The walker who laughed at A, B and C

Imagine this scenario.

You are the person (A) standing on the side walk, waiting for your friend. A walker passing by laughs at you and quietly goes ahead. You are surprised. You look at your dress and find it OK. You pull out a small hand mirror from your hand bag and look at your face. Nothing wrong. You are puzzled, offended and angry at the walker. Why did he laugh at me? What is wrong with me? Thoughts are racing in your mind. But you can do nothing but keep watching the walker moving ahead.

A few yards ahead, there is another person (B) standing on the side walk. As the walker goes past  (B), he laughs at (B) also.  You find absolutely nothing about (B) to laugh at. You are less worried and more curious now. What is going on here?

A few yards ahead there is another person (C) standing on the side walk. The walker looks at (C) and laughs like he laughed at you and (B). You find nothing wrong with (C). What would you think now? You won’t be worried any more at the behavior of the walker and its impact on your own self because it is now very clear that he is crazy. How did you make this great discovery? By making a reality check when the walker laughed at you, at B and C. By continuing to watch the walker’s behavior when you found it unusual. By not immediately berating yourself when the walker cast a doubt on you.
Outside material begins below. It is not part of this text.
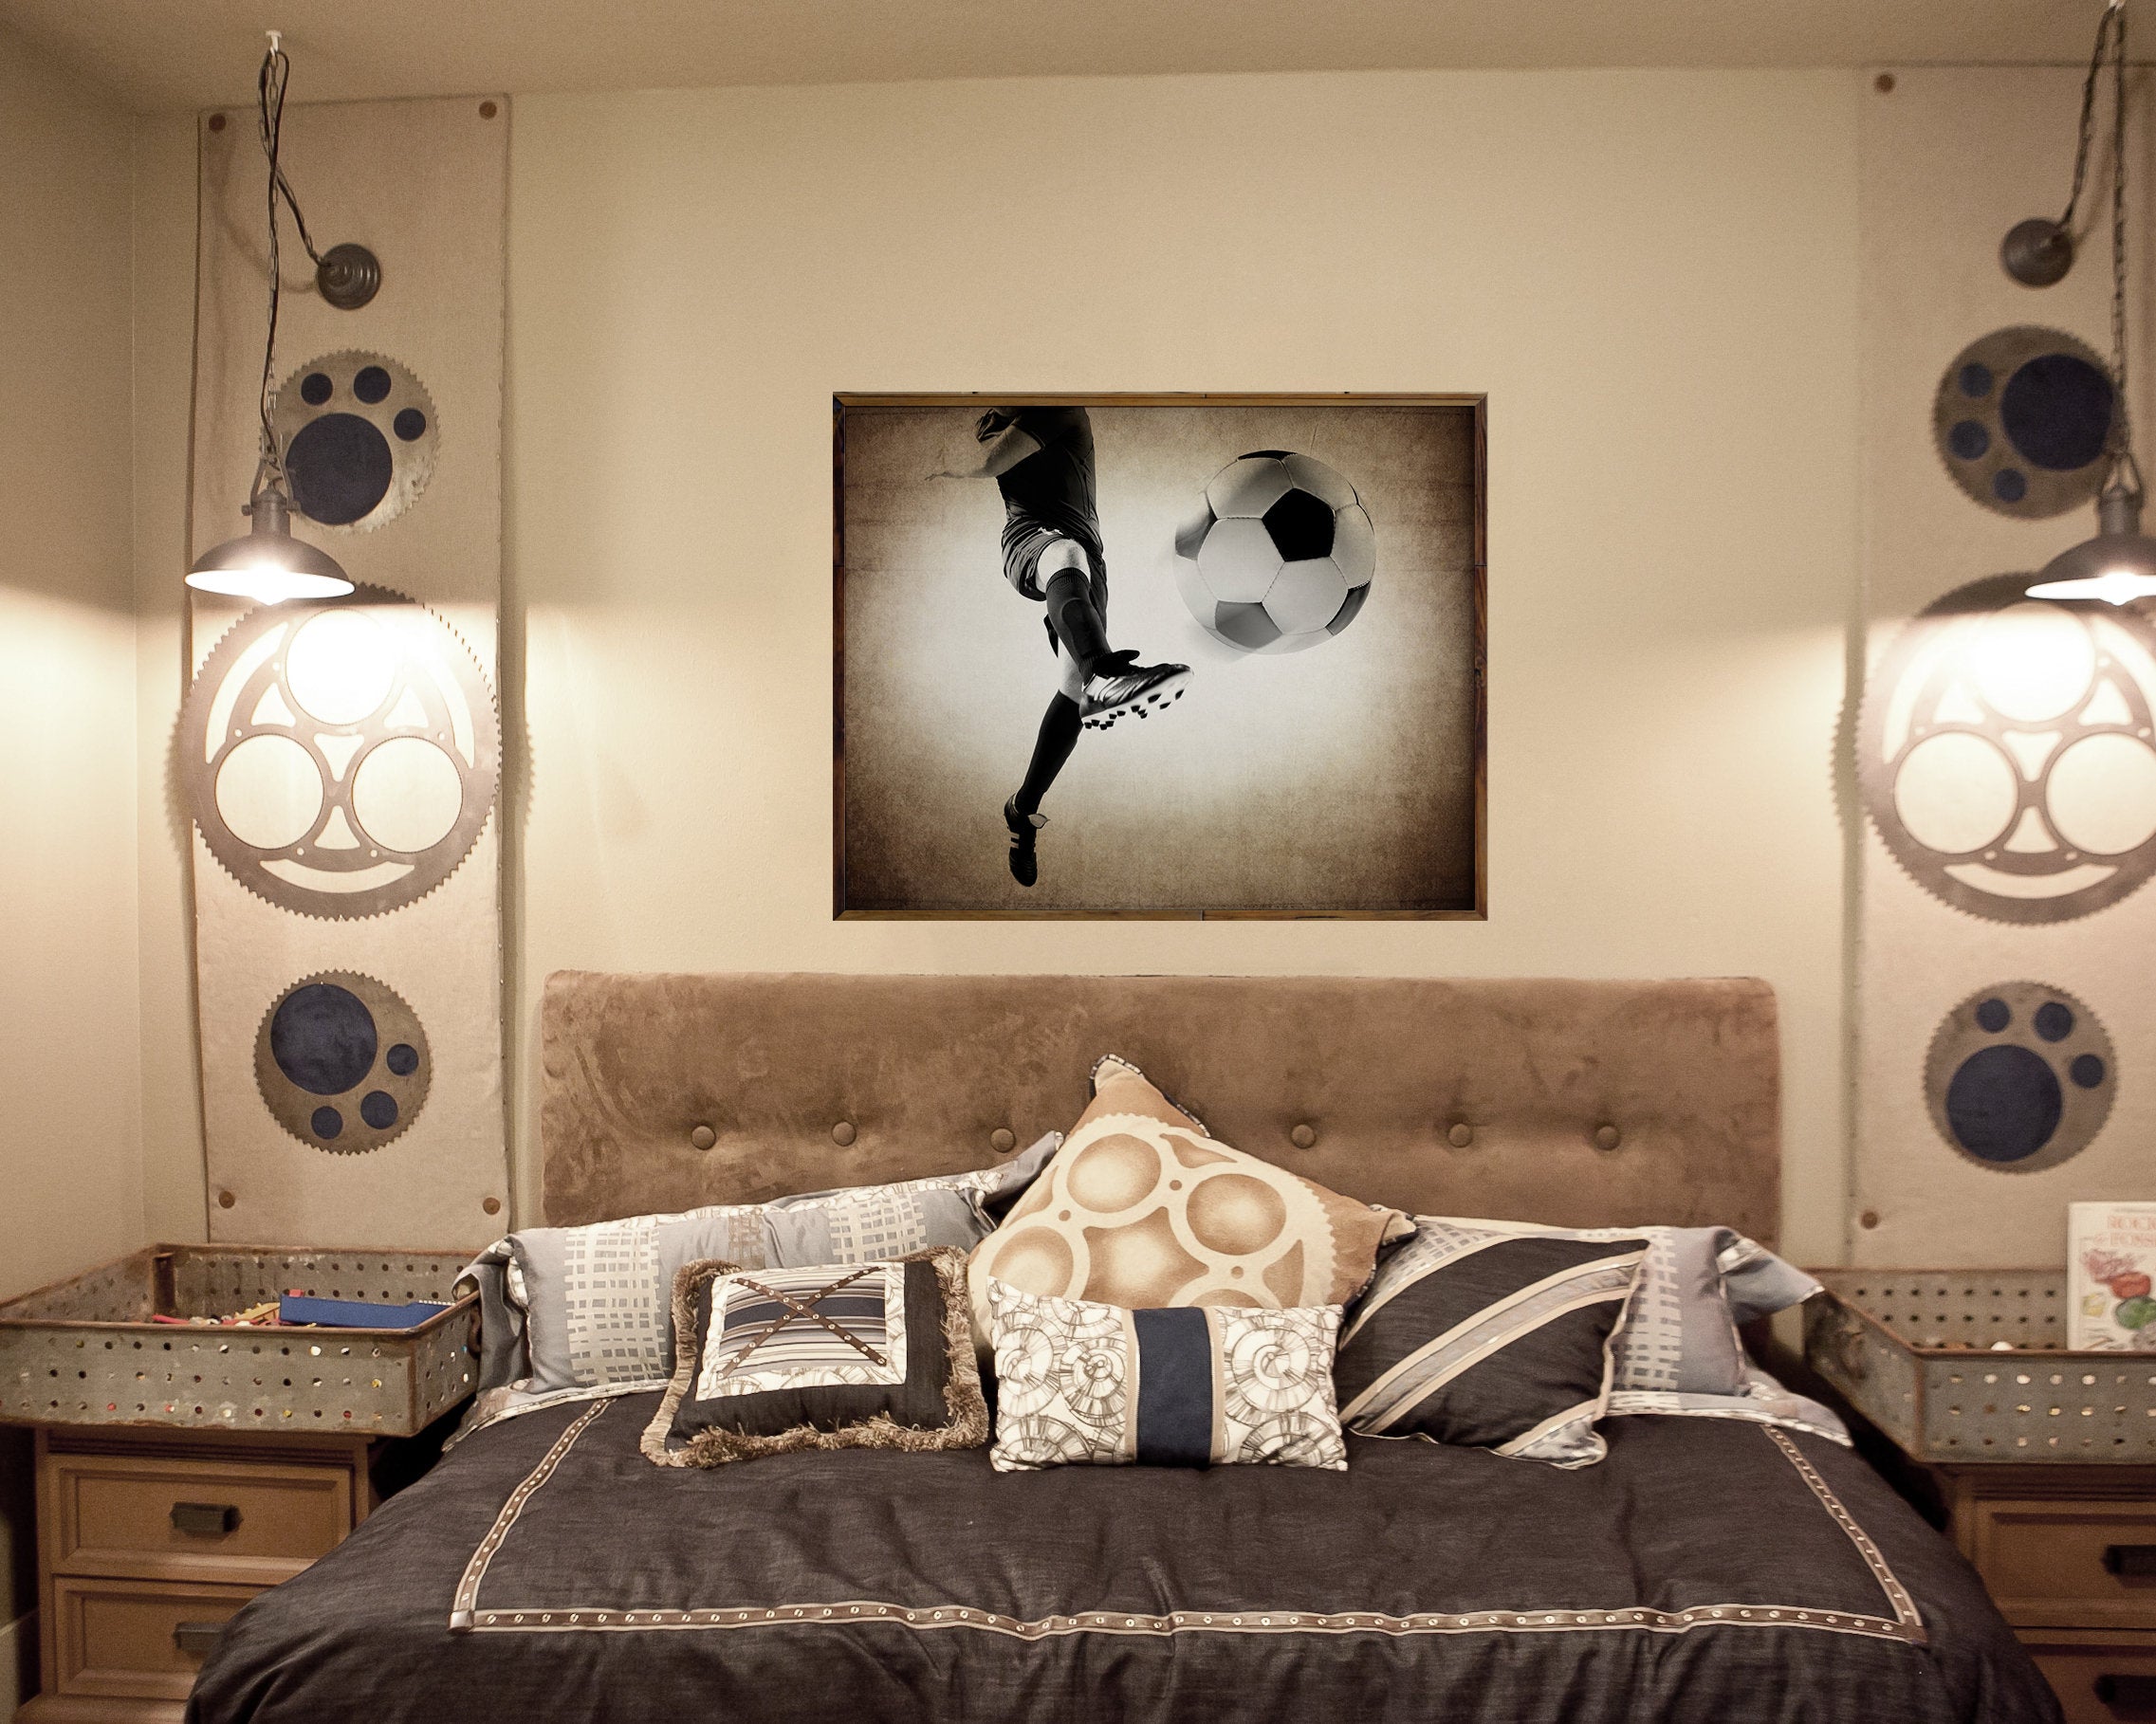 Kids Soccer Room art, Soccer Ball Kick Unframed Print or Canvas ...

  • I made up the above story in the year 2000, when a senior colleagues in my maintenance department came to my room with a serious complaint about the insulting behavior of the Production manager who was senior in rank. That manager was in the habit of talking down in an irritating manner to the managers of the maintenance department, in the daily production meeting. After hearing the story, my colleague cooled down, smiled and looked totally relieved of his stress.
  • After 11 years, in 2011,  I repeated the same story to a woman attending my follow up classes, to overcome her stress at work due to the bad behavior of her boss. He was often verbally abusive, not only with her but with all her coworkers in the office, even in the presence of visitors. She was on the point of an emotional break down. After hearing this story, she was immediately relieved. Though she knew that the problem is with her boss and not with her or any of her coworkers, she was feeling miserable. To make the healing message of this story support her in the office, I crumpled up a small colored paper and placed on my head, and spoke to her abusively, acting like her boss. I said the bug sitting on top of my head is making me behave abusively not only with her but with every one in the office, A, B, C and D.  I asked her to keep the crumpled paper on her desk every day and frequently look at it. It would remind her throughout the day, that her boss has a bug on his head and there is nothing wrong with her. When she came after a week for the next class, she said that looking at the the symbol of the bug on her table was helping her remain cool when her boss was acting crazy and blaming her for no reason or an insignificant reason. Her coworkers who did not know what the crumpled paper meant for her, told her to throw away the trash paper sitting on her table. But she kept smiling and ignored them.